• **Task prompt**: Using the line with "日本sim卡上網 - 壞波妞の旅行食踨" as your starting point, transcribe it and each line beneath it word for word until the records run out, without pictures.

• **Extracted records**:
........

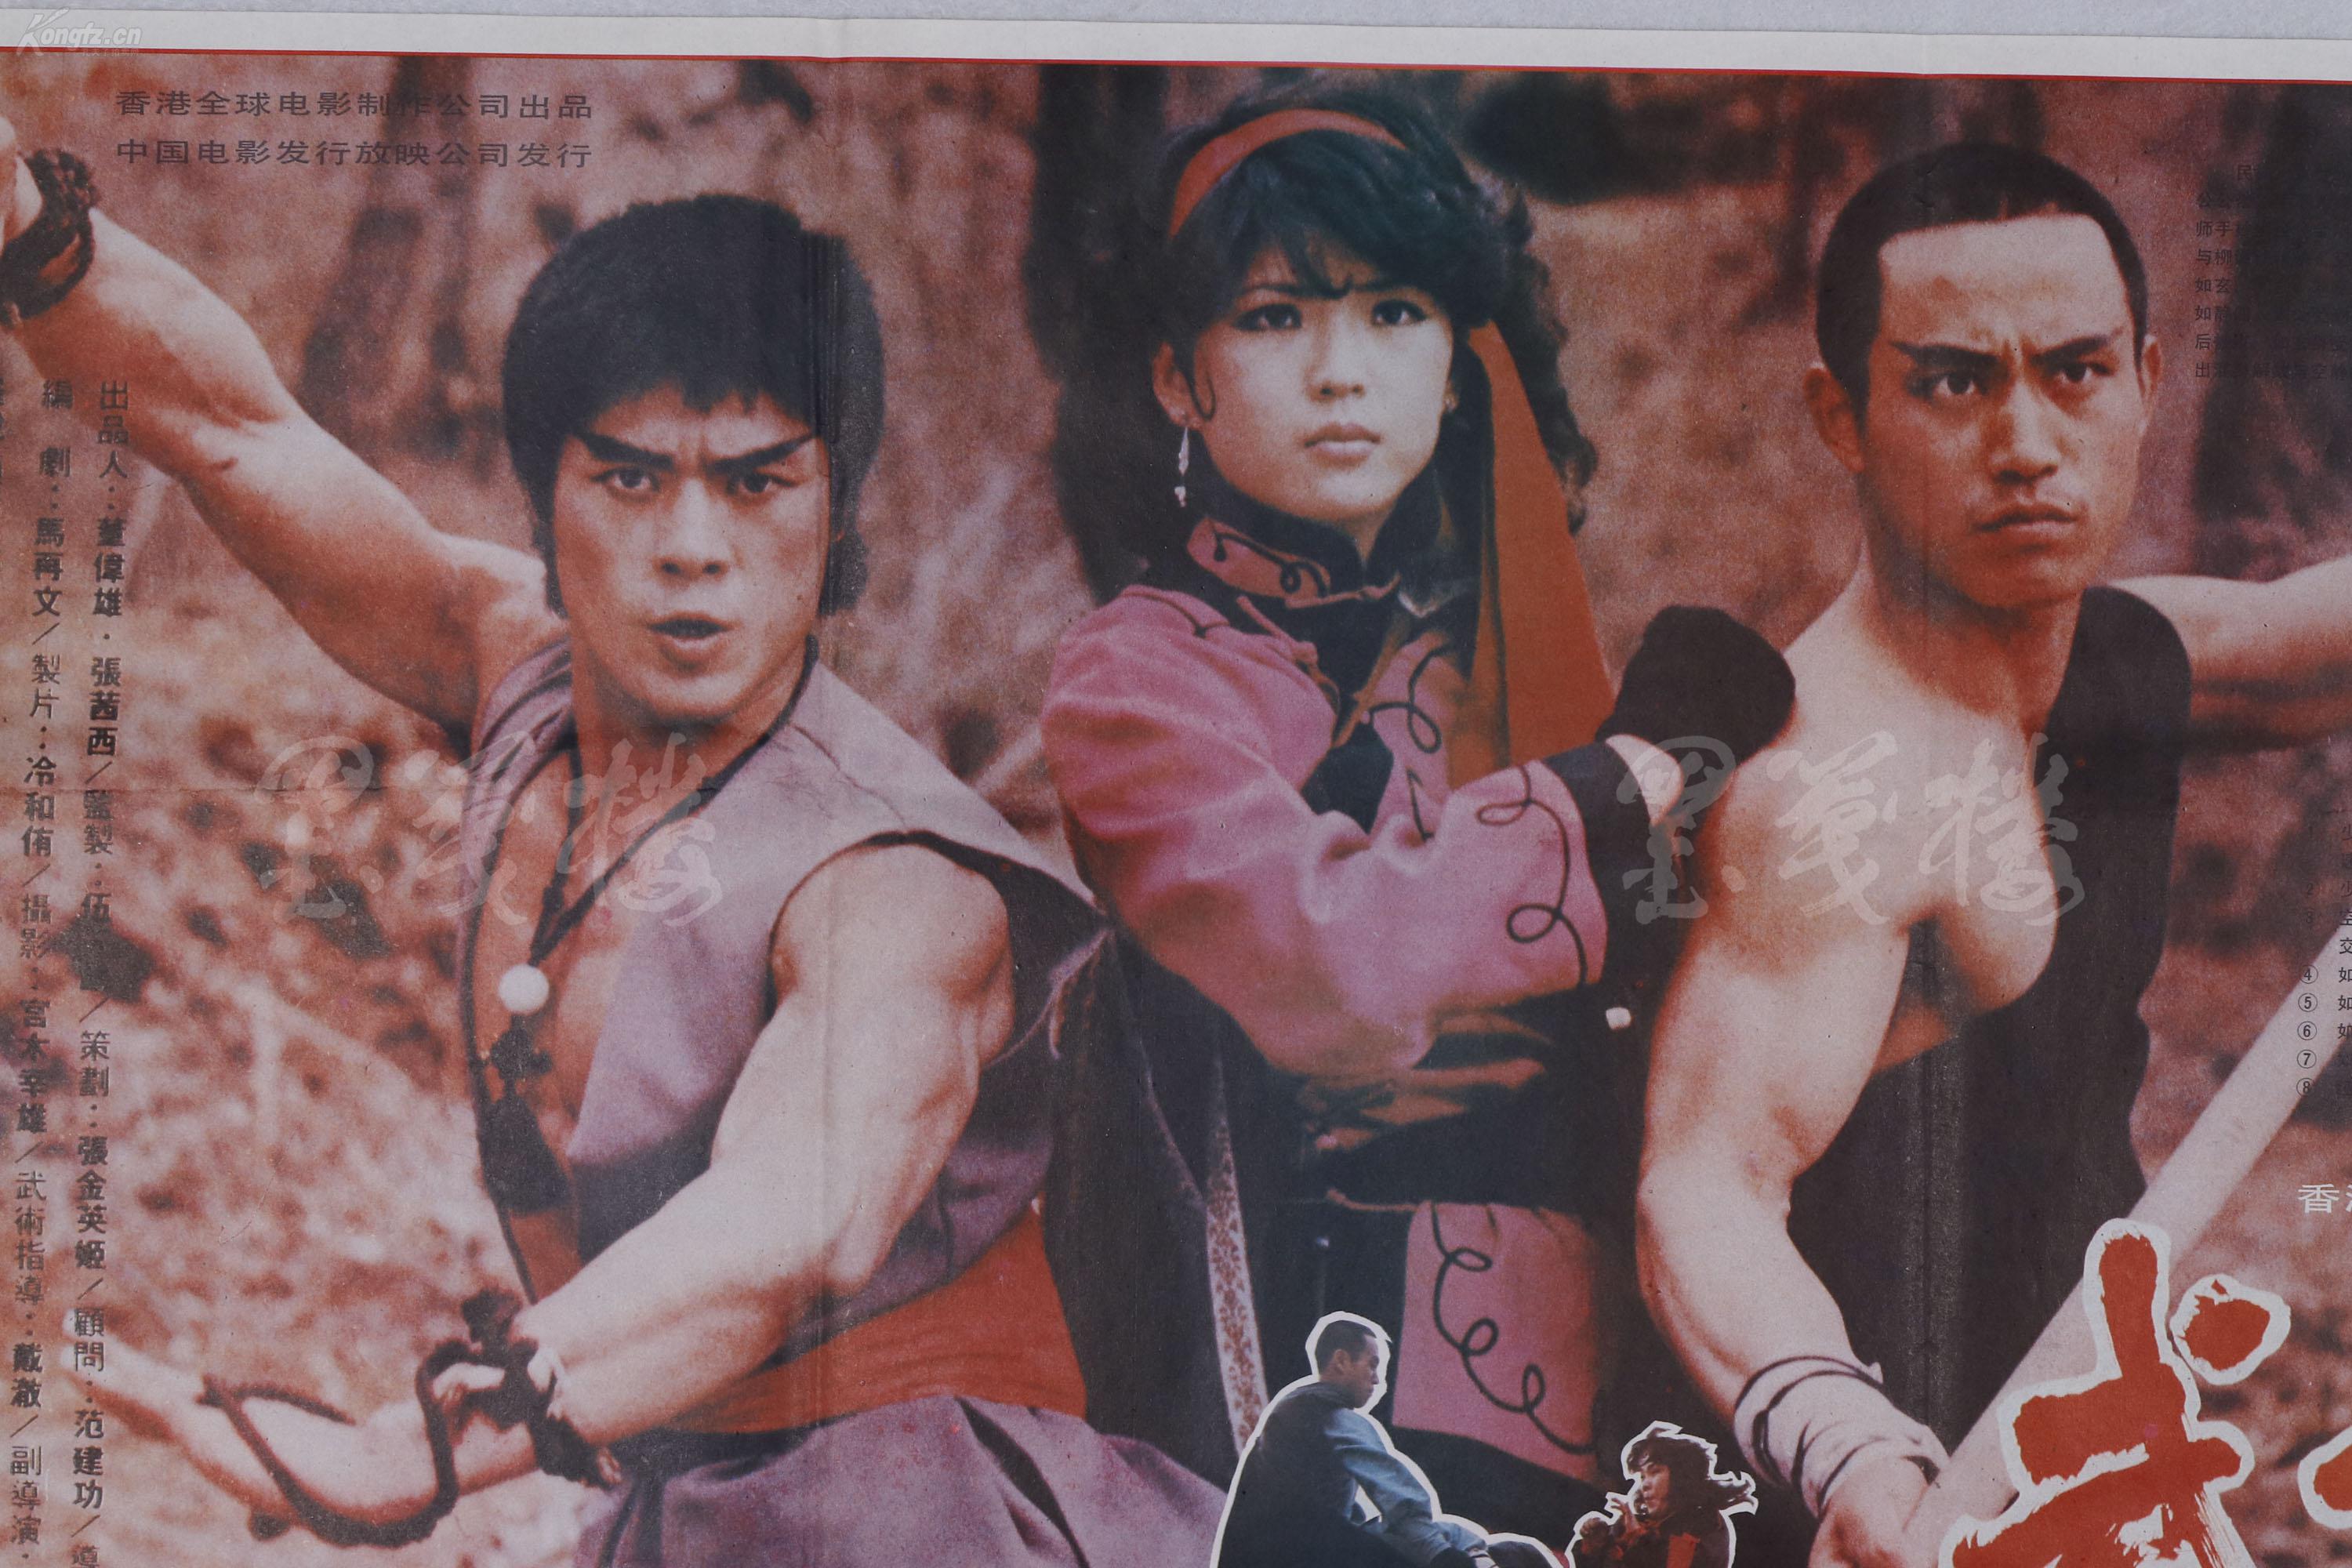 赵-庆-伟收藏:八十年代 中国电影发行放映公司放映《武僧》电影海报一
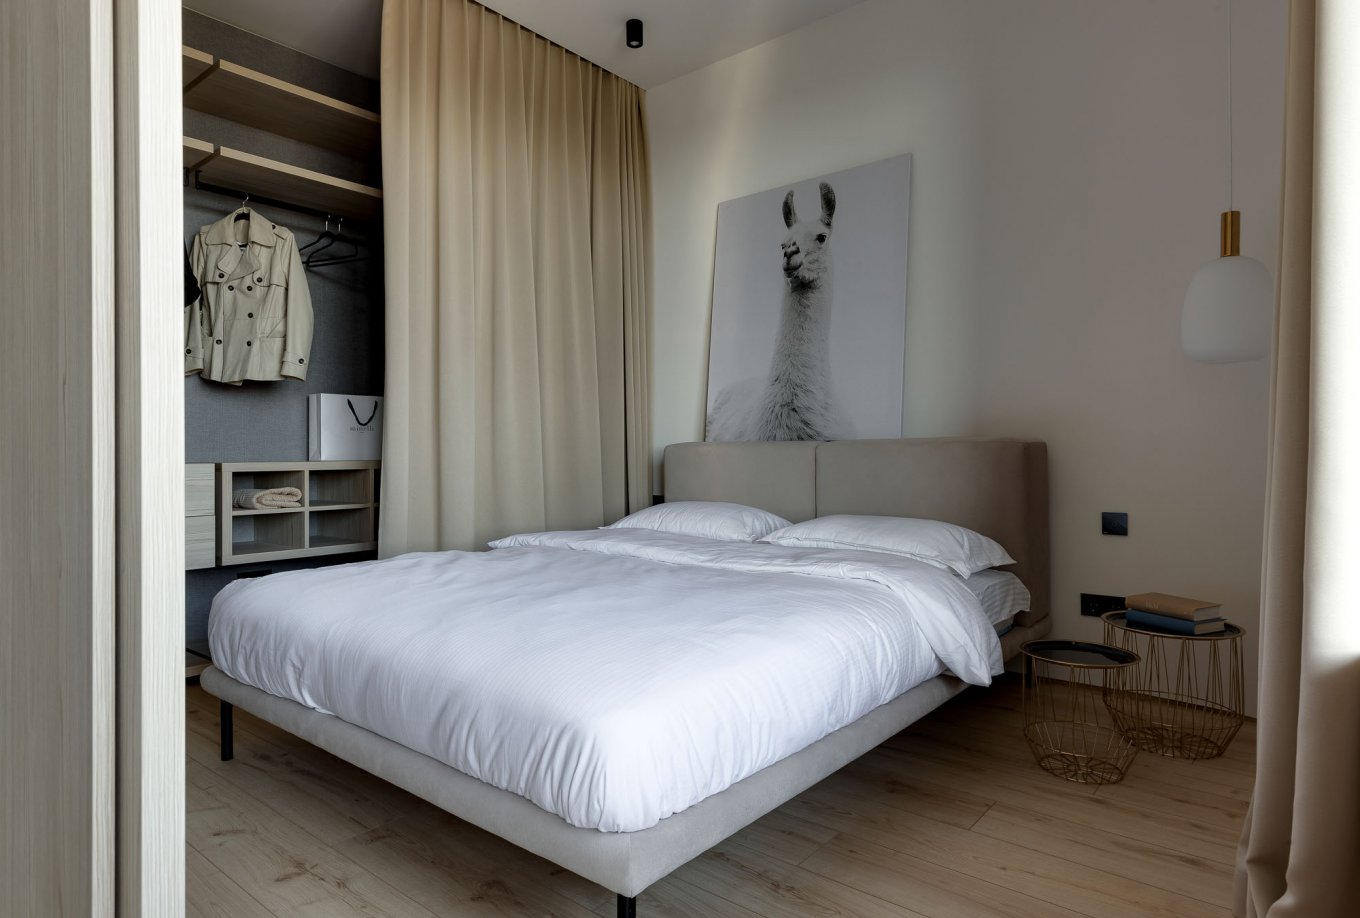 Laminatboden Hotel California LA144SYSV4 im Schlafzimmer mit Bett moderne Einrichtung helle Holzoptik
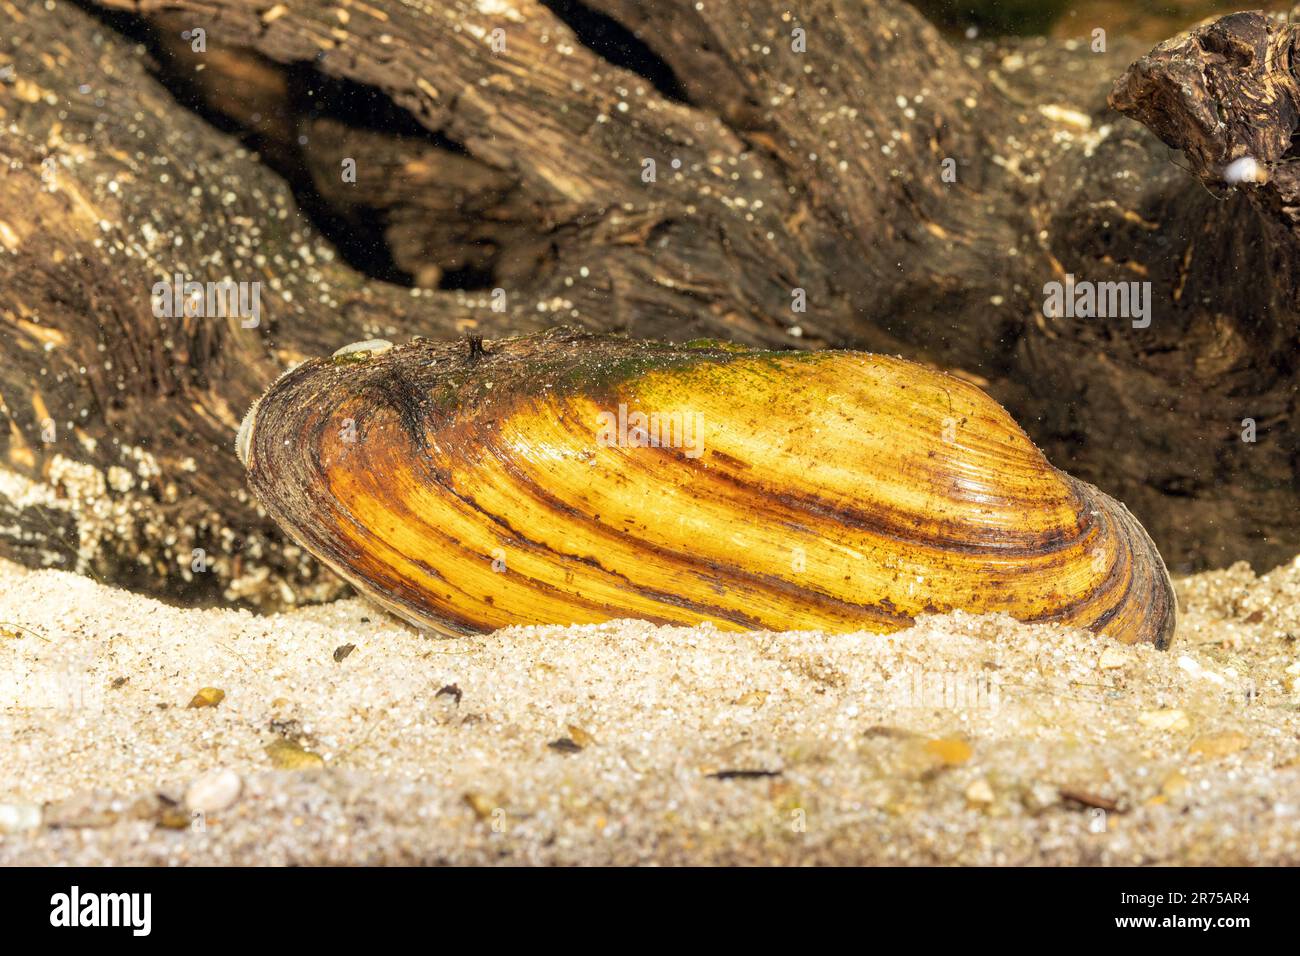 Malermuschel (Unio pictorum, Pollicepes pictorum), unter Wasser, Deutschland Stockfoto
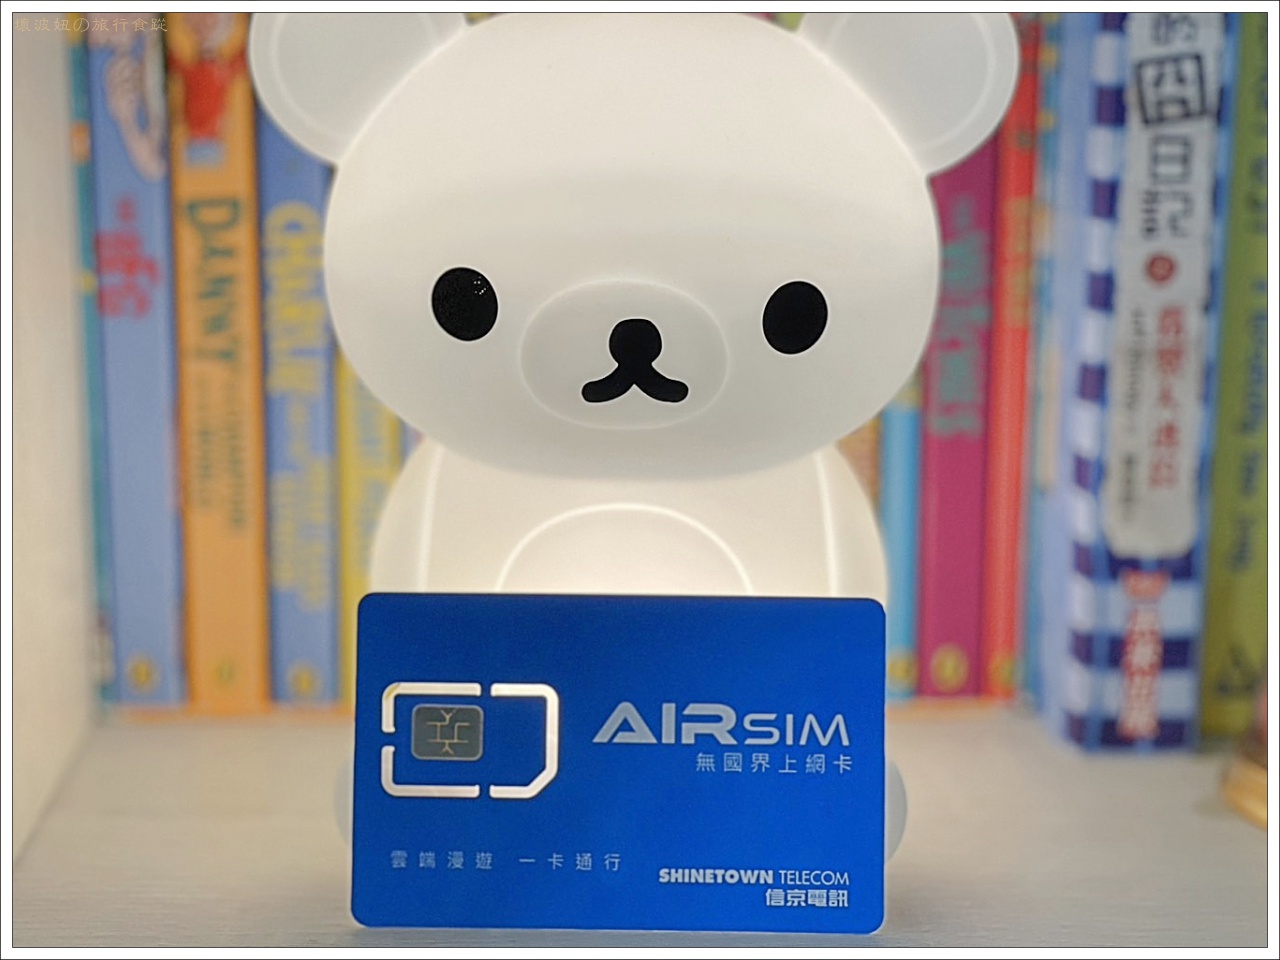 【日本漫遊推薦】AIRSIM無國界上網卡，一張網卡走遍世界，可開熱點分享還送30分鐘免費通話 - AIRSIM esim, AIRSIM使用方式, AIRSIM價格, AIRSIM優惠, AIRSIM評價, 多國上網sim卡, 支援熱點的上網卡, 日本eSIM上網, 日本sim卡上網 - 壞波妞の旅行食踨
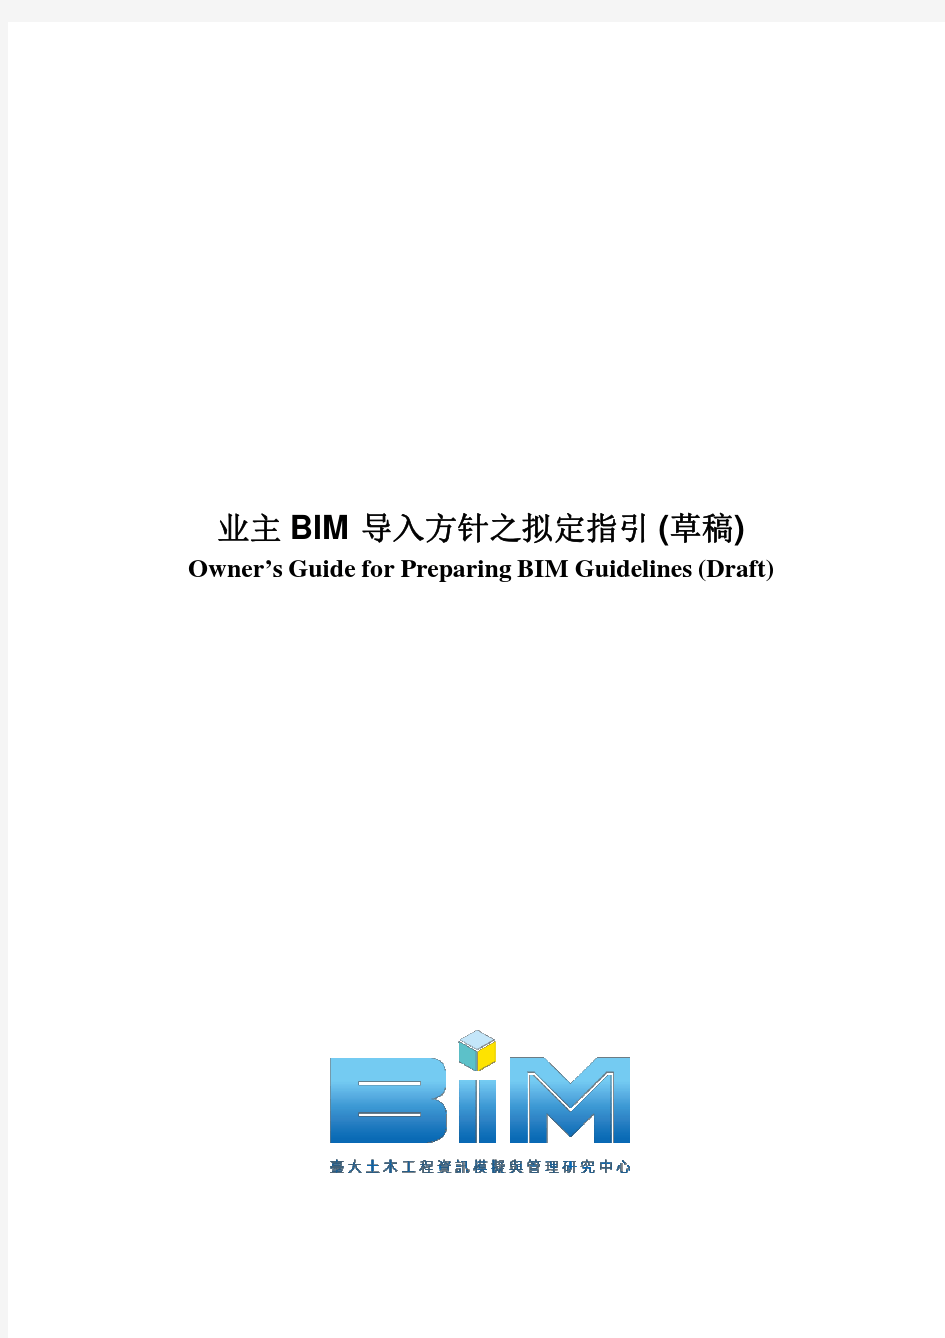 《业主BIM指南》草案(简体中文版)

........

• **Task answer**:
 【日本漫遊推薦】AIRSIM無國界上網卡，一張網卡走遍世界，可開熱點分享還送30分鐘免費通話 - AIRSIM esim, AIRSIM使用方式, AIRSIM價格, AIRSIM優惠, AIRSIM評價, 多國上網sim卡, 支援熱點的上網卡, 日本eSIM上網, 日本sim卡上網 - 壞波妞の旅行食踨
 《业主BIM指南》草案(简体中文版)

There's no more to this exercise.